Tuesday, January 10, 2006

Blarg. The externship is going well enough - I'm learning stuff about publishing and small bookstores and how screwy the business can be. I'm also being helpful, updating info and finding stuff and generally being productive. And the family is very nice - I feel very at home, and the 10 year old is hyper but entertaining, and the pets are all very sweet. But still, blarg.

Part of me, right now, wants to envelop myself in this world for as long as I can. Not think about school, about people, about life, about anything that has any permanence to it. Of course, I can't do that. Come Friday, I leave here. On Saturday, I go back to Swat. I'm looking forward to it, to an extent. But there are things that I know that I'll have to deal with that I just don't want to face right now.

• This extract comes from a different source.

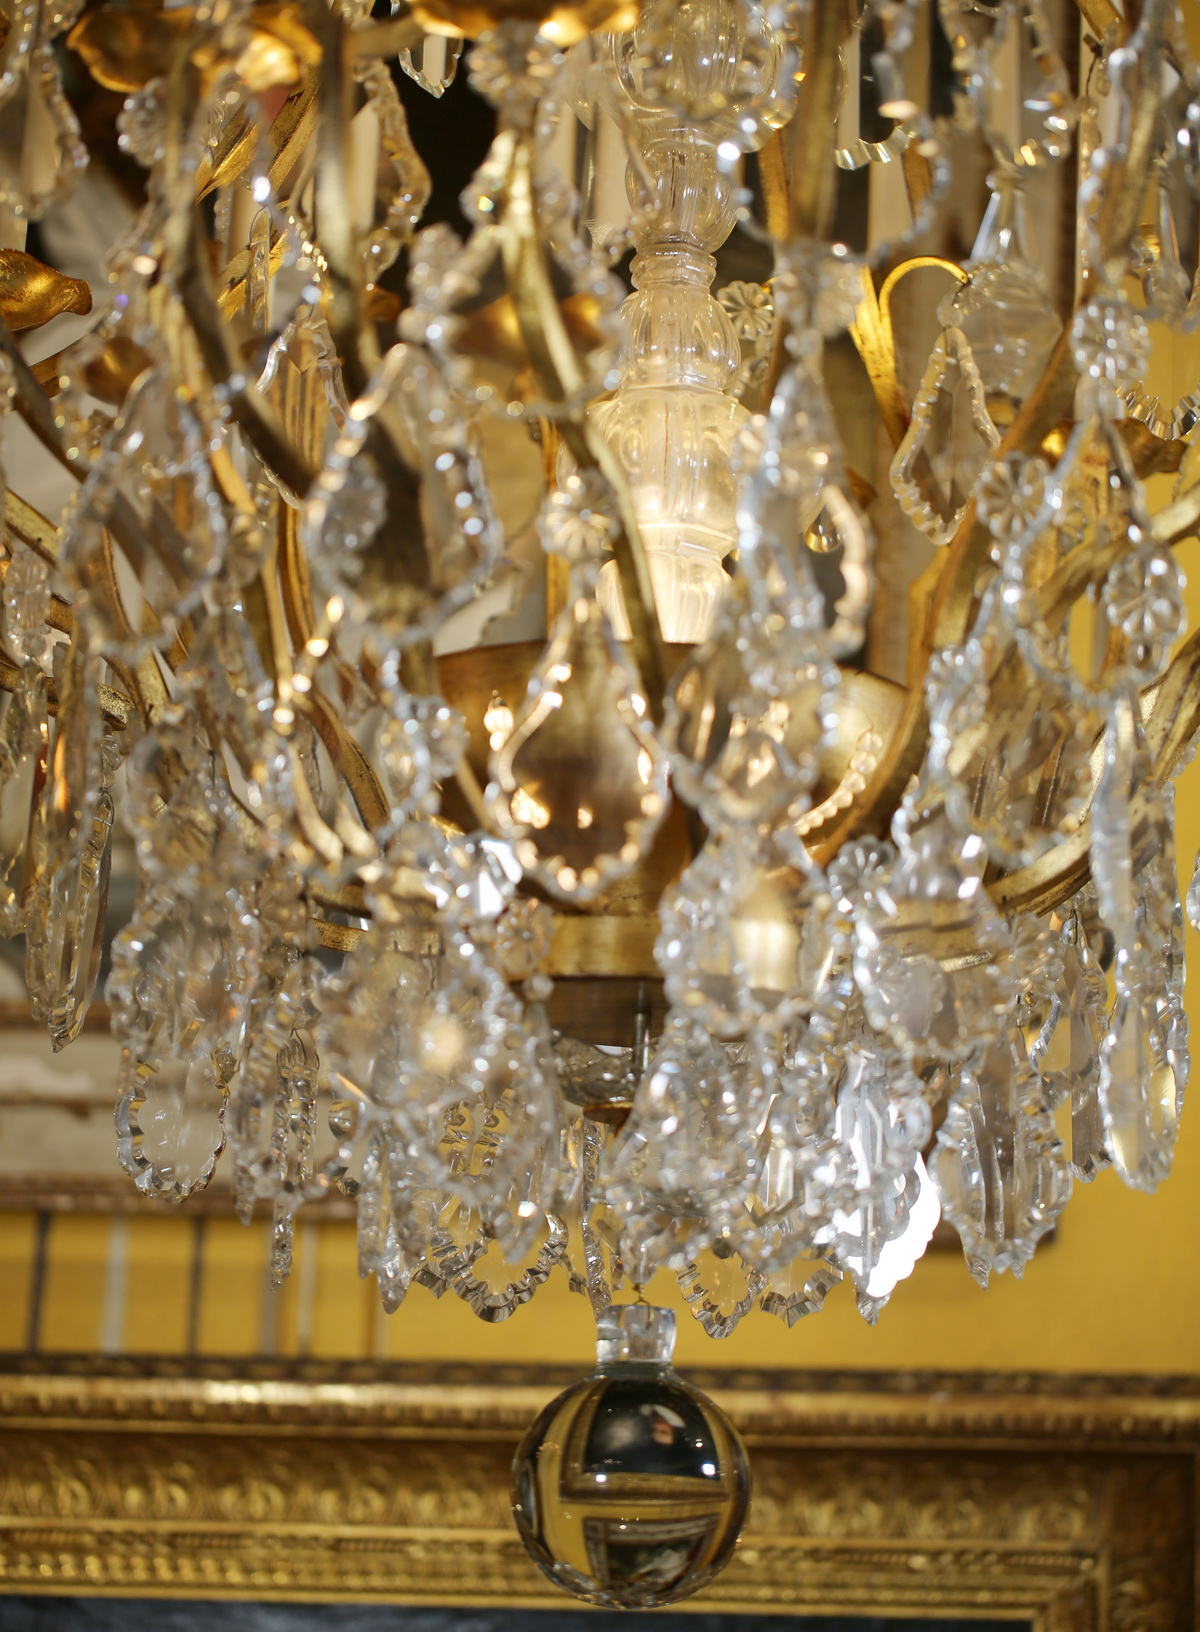 Maison Bagues Louis XV style cage chandelier.

Lately, I've been fine if I'm distracted. TV, games, absorbing yet relatively mindless research for information. I'm okay then. But other times... Sometimes I just feel kind of empty/purposeless/aimless. Sometimes I just think about too much at once until I shut down.

Also, when did I start worrying when I see someone has left me a message? A voicemail should not elicit an "Oh shit, what bad thing happened?" response. But it does. Thankfully, the response is generally unfounded, but still. It's there. And that's no good.

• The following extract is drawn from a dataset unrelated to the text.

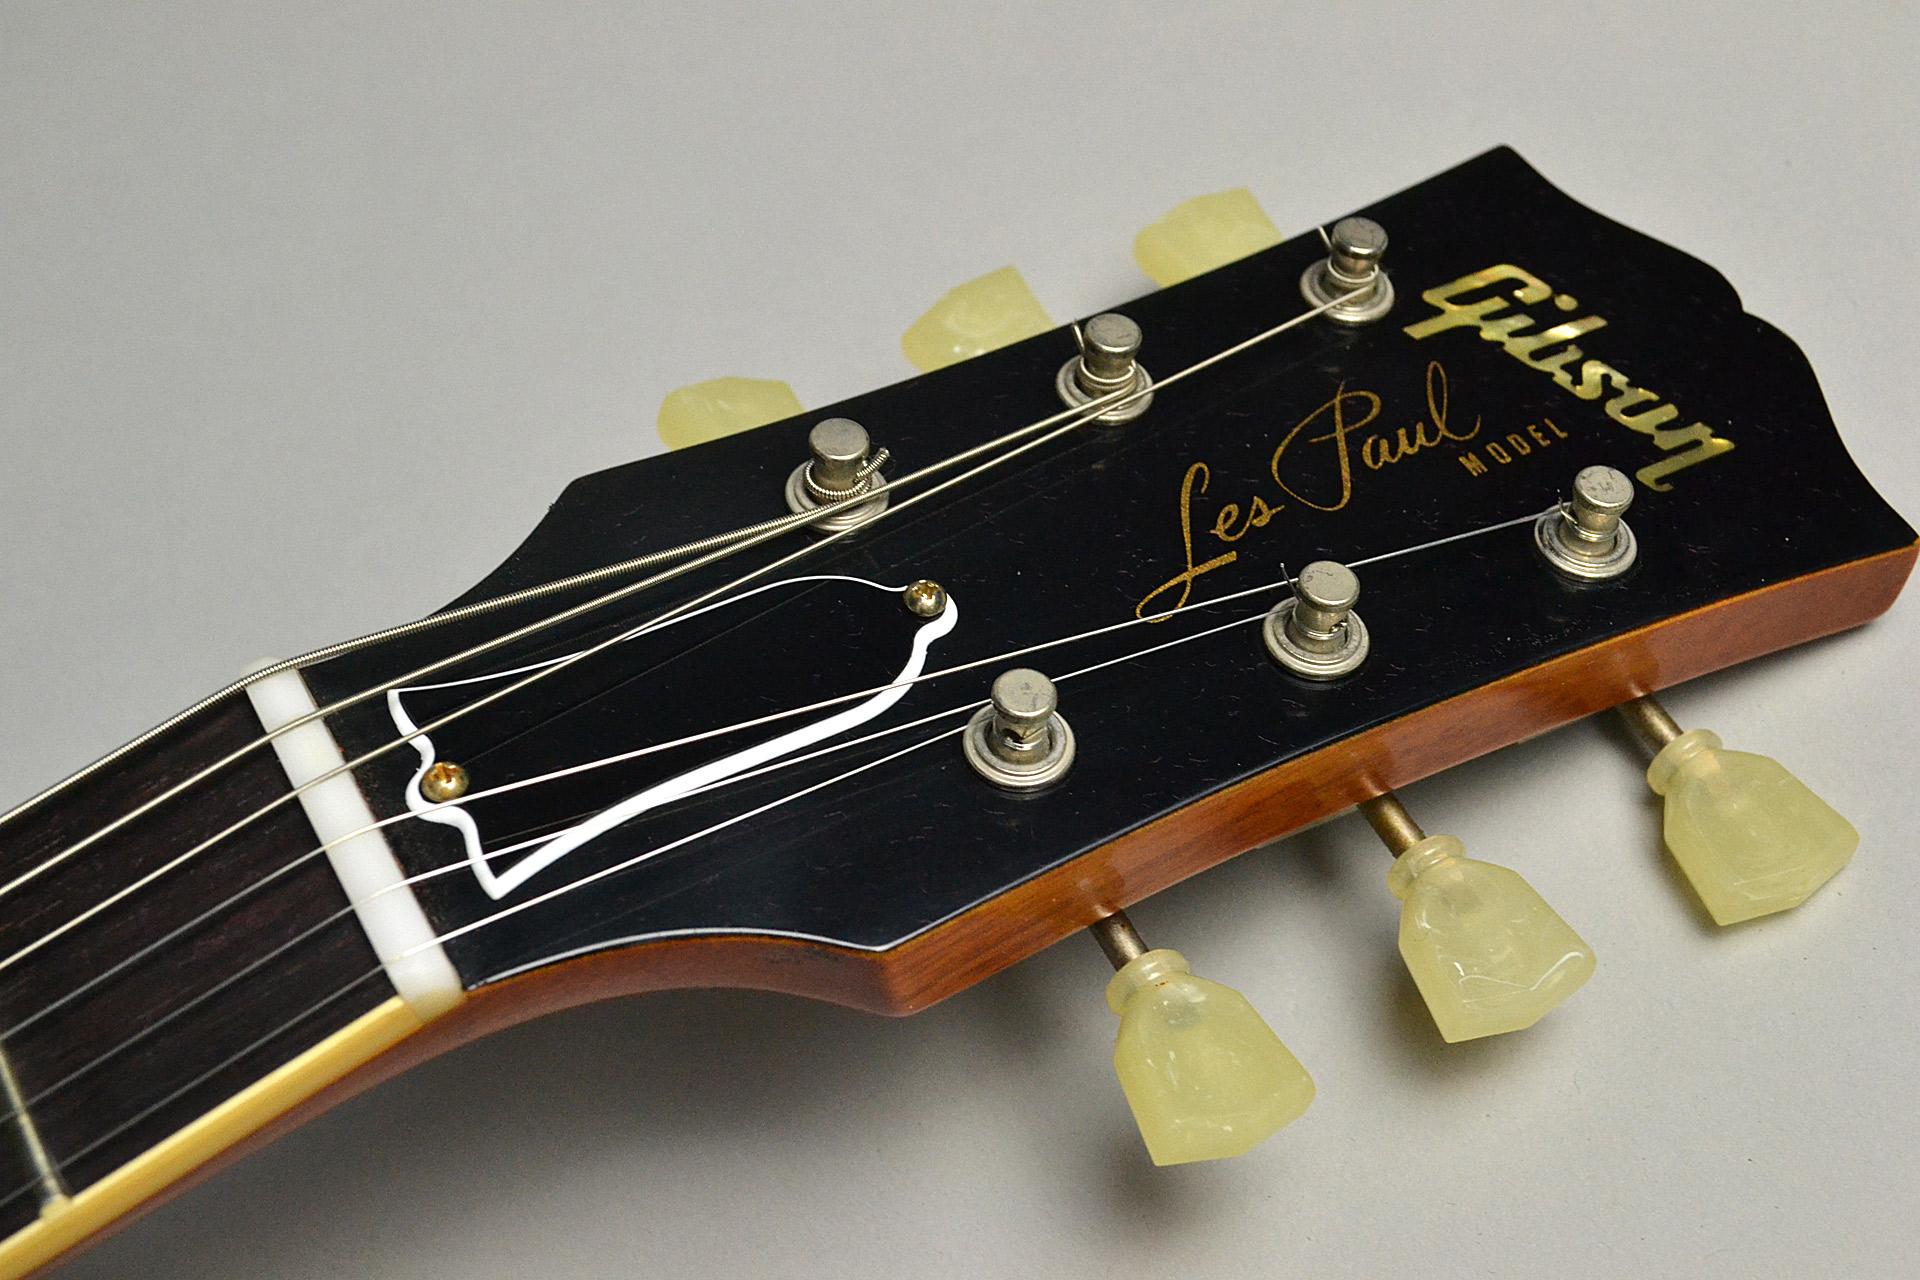 2017 Limited Run 1957 Les Paul Model Antique Goldのヘッド画像

I realize that this all sounds very bad and negative and depressing and stuff. I'm actually not doing that bad right now, I guess. I'm mostly tired (full workdays are really pretty sucky) and realizing that break - and with it, this respite from what I see of as real life, to a degree - is fast coming to an end. I want to go back to Swat and see people, but at the same time, I don't really want to have to deal with people.

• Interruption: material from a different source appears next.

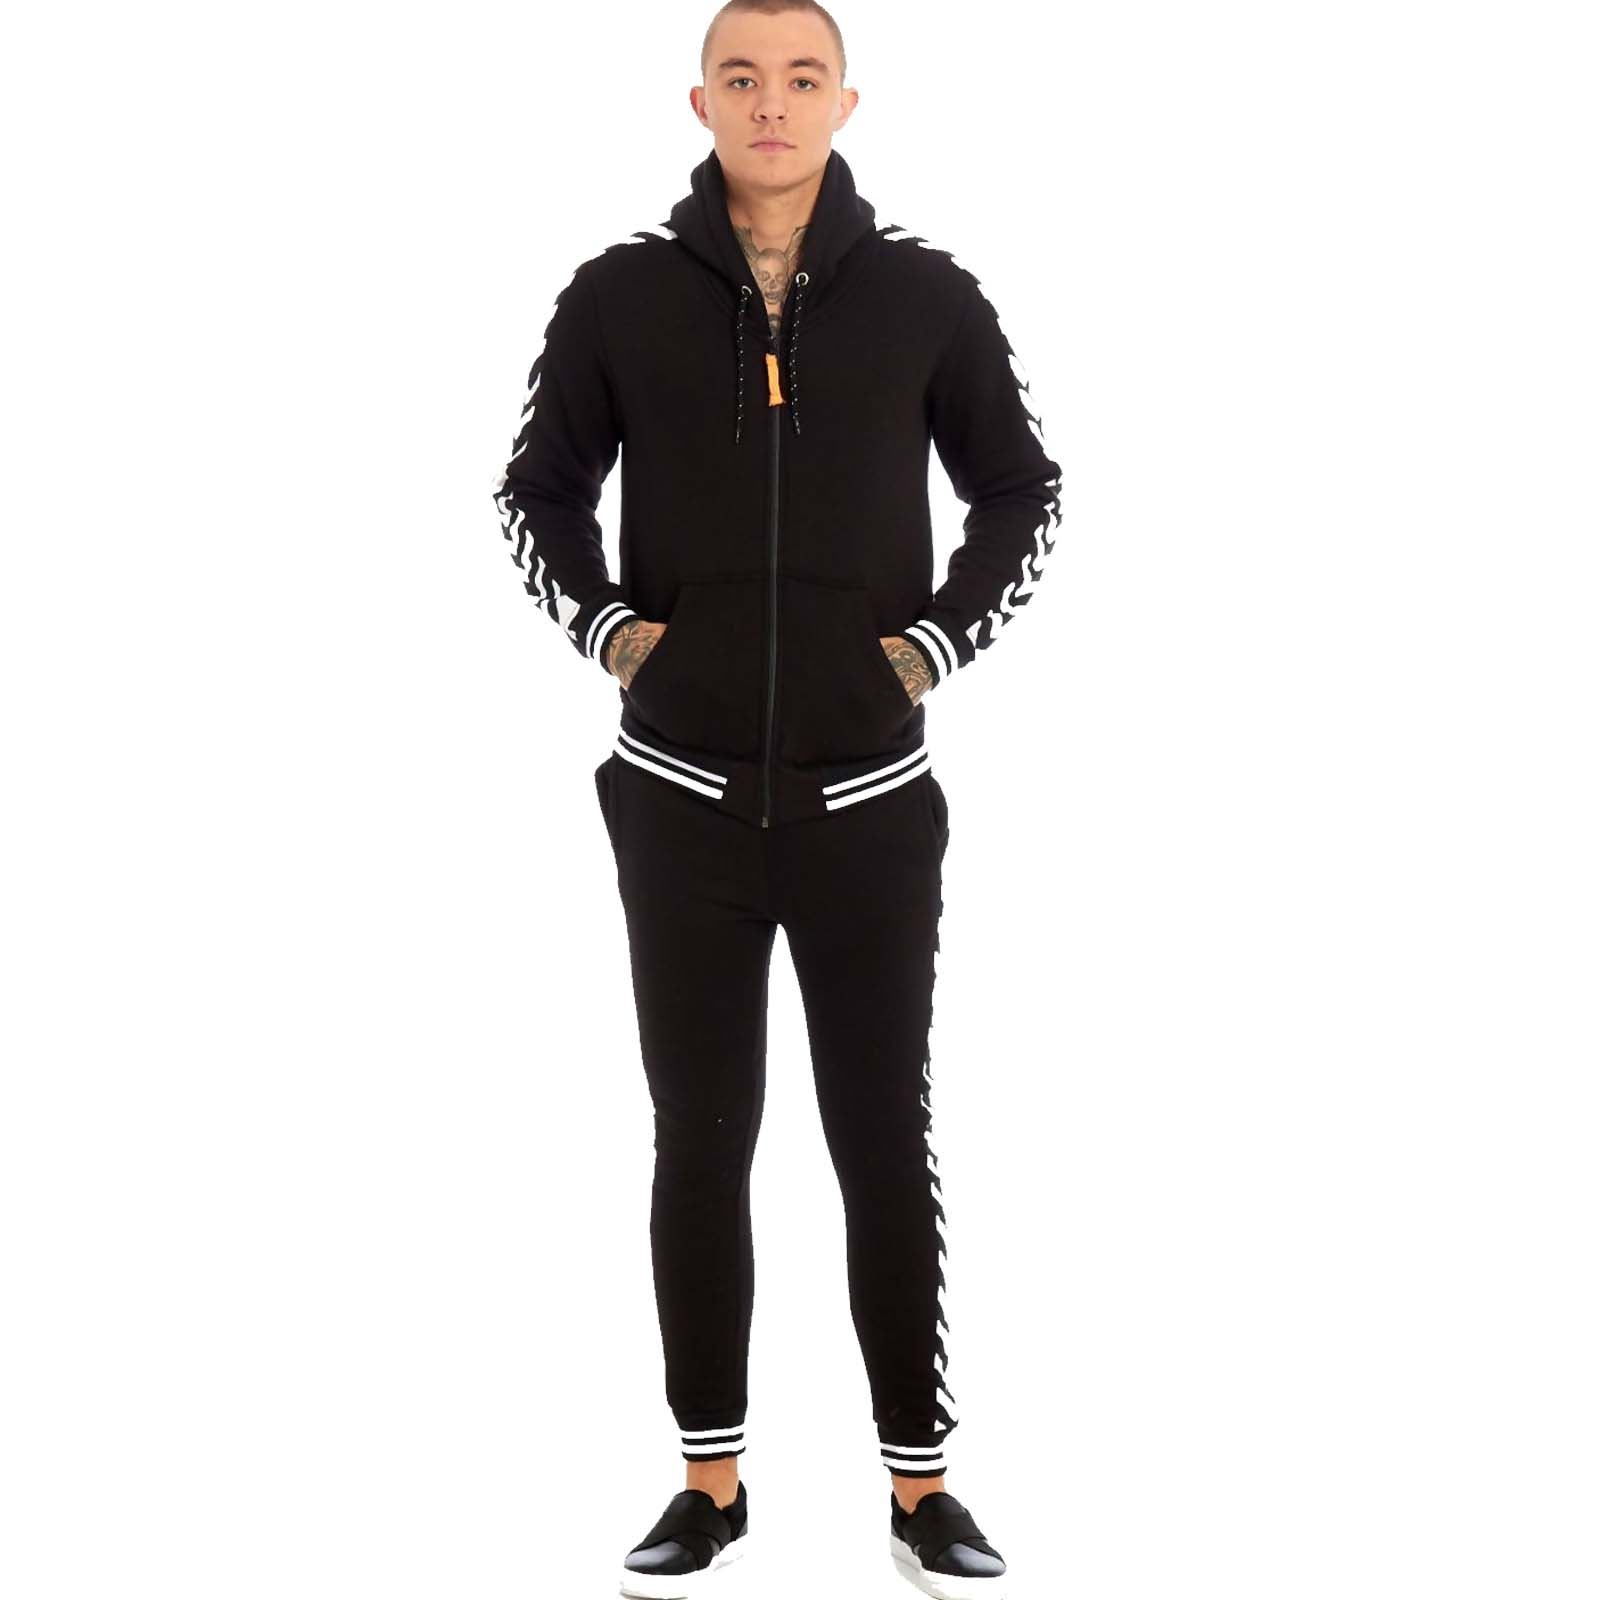 Mens Hooded Gym Fitness Sports Skinny Joggers Herringbone Full Tracksuit Set 2Pc

I will now work on my psuedo-homework until bed... There are some mystery books with ties to Shakespearean plays; the idea is to get some bookstores near big Shakespeare festivals to take an interest in them. I may end up writing the letter to try to convince them that stocking the books is a good plan. Therefore, it would be helpful to know about the books. This is best accomplished by actually reading the books, so... Well, that's what I'm going to do.